Both the line below containing "Hill sports book crypto plus doo" and the line containing "When Baby Develop", along with every line between them, should be repeated exactly; no other line belongs in the answer.

═══

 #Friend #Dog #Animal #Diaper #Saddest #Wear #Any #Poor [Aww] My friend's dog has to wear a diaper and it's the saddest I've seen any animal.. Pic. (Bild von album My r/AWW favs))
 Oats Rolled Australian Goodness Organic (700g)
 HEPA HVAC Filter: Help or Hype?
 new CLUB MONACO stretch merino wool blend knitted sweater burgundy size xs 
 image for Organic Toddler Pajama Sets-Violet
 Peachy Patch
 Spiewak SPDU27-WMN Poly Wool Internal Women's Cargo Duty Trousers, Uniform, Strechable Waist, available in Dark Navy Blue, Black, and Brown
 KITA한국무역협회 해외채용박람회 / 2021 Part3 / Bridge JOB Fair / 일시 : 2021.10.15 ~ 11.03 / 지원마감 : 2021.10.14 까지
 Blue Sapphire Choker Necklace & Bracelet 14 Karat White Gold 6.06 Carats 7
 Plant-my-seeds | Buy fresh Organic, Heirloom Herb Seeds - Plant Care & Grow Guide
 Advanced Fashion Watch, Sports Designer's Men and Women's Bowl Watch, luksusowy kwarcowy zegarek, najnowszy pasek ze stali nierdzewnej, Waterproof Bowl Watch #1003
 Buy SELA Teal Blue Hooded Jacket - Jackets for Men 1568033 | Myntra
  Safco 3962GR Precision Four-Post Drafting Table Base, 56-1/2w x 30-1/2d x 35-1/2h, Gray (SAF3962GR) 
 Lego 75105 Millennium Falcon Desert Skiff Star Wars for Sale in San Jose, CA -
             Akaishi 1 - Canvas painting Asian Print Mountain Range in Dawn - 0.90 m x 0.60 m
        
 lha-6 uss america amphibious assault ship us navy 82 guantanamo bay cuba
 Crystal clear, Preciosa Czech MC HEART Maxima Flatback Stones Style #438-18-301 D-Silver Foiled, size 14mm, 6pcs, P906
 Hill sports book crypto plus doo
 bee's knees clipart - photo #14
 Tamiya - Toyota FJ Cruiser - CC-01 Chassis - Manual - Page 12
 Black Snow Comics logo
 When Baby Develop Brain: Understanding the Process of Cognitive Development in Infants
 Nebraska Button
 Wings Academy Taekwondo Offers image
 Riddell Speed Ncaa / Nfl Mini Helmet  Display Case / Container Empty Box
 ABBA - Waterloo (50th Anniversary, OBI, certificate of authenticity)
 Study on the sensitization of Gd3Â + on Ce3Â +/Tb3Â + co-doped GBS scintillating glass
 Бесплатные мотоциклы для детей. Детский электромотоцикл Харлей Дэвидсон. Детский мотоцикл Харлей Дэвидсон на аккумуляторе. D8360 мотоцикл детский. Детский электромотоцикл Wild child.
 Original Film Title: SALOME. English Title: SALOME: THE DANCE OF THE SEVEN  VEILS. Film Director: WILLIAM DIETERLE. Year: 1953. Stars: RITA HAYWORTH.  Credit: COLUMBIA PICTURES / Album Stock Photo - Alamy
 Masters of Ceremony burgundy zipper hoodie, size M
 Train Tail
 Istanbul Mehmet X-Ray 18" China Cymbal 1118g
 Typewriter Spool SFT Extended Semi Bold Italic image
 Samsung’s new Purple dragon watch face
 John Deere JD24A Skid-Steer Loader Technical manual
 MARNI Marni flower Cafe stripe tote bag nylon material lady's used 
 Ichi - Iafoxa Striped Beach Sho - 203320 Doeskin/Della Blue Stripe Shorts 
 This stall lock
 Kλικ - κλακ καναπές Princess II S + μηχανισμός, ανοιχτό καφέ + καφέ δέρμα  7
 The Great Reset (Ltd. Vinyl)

═══

Solution to this problem:
 Hill sports book crypto plus doo
 bee's knees clipart - photo #14
 Tamiya - Toyota FJ Cruiser - CC-01 Chassis - Manual - Page 12
 Black Snow Comics logo
 When Baby Develop Brain: Understanding the Process of Cognitive Development in Infants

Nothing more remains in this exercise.